I'm sorry, but I'm bowing out.
Not of having things that I want to accomplish next year, because there are a lot of them. But I'm done being mean to myself. I'm done with the idea that I have to do something every single day for the next 365 days to be able to call it a success. So if I forget to moisturize next Tuesday, I'll just do it on Wednesday (or Thursday, lol), and forgive myself and move on and end the year with nicer skin than I have here at the beginning.

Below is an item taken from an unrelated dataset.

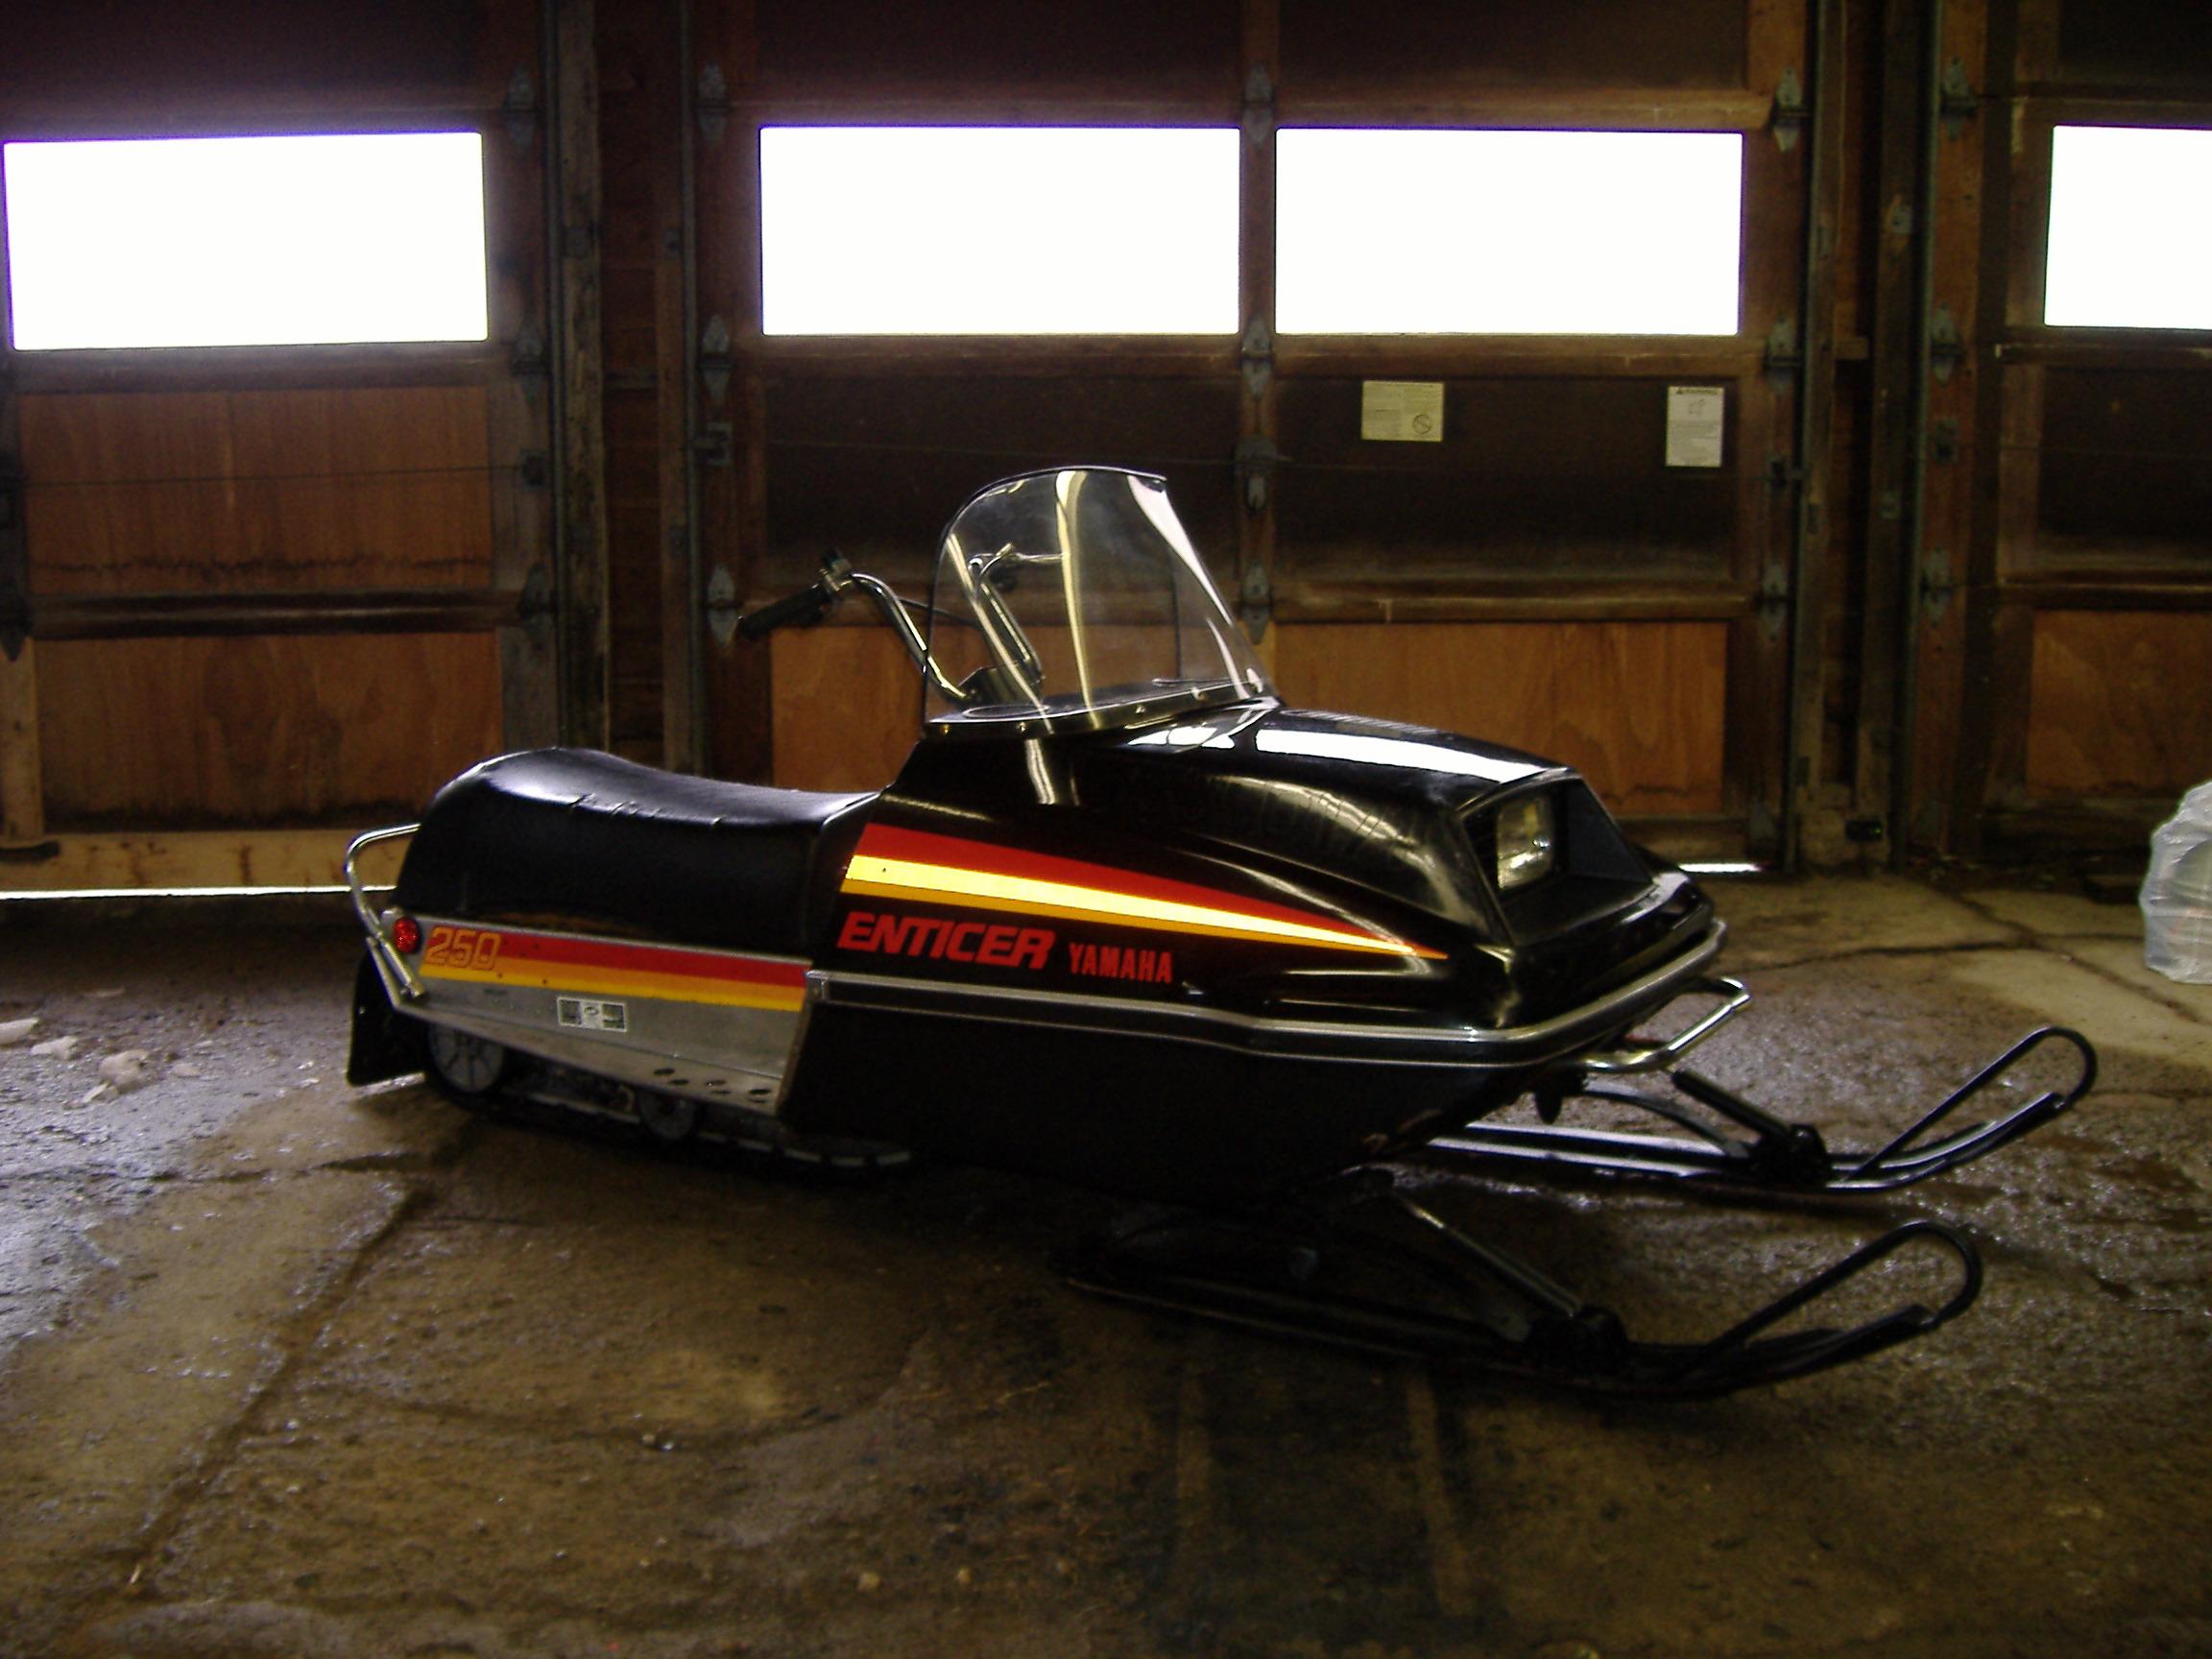 For Sale 1980 Yamaha Enticer 250

And if there are some things I don't get started on right away, that's okay too. If some things on my list turn out to be lovely thoughts that absolutely refuse to be wedged into my actual life? I'm going to let them go, at least for now. Maybe I'll try again another time when my life is different.
In short, I'm aiming for progress not perfection. I'm aiming for gentle, flexible progress -- not the kind that gets you to your goal but you're crazed the whole time and exhausted and cranky when you finally get there.
Remind me of this when I forget, will you?
I wish you the 2011 that your heart most deeply desires.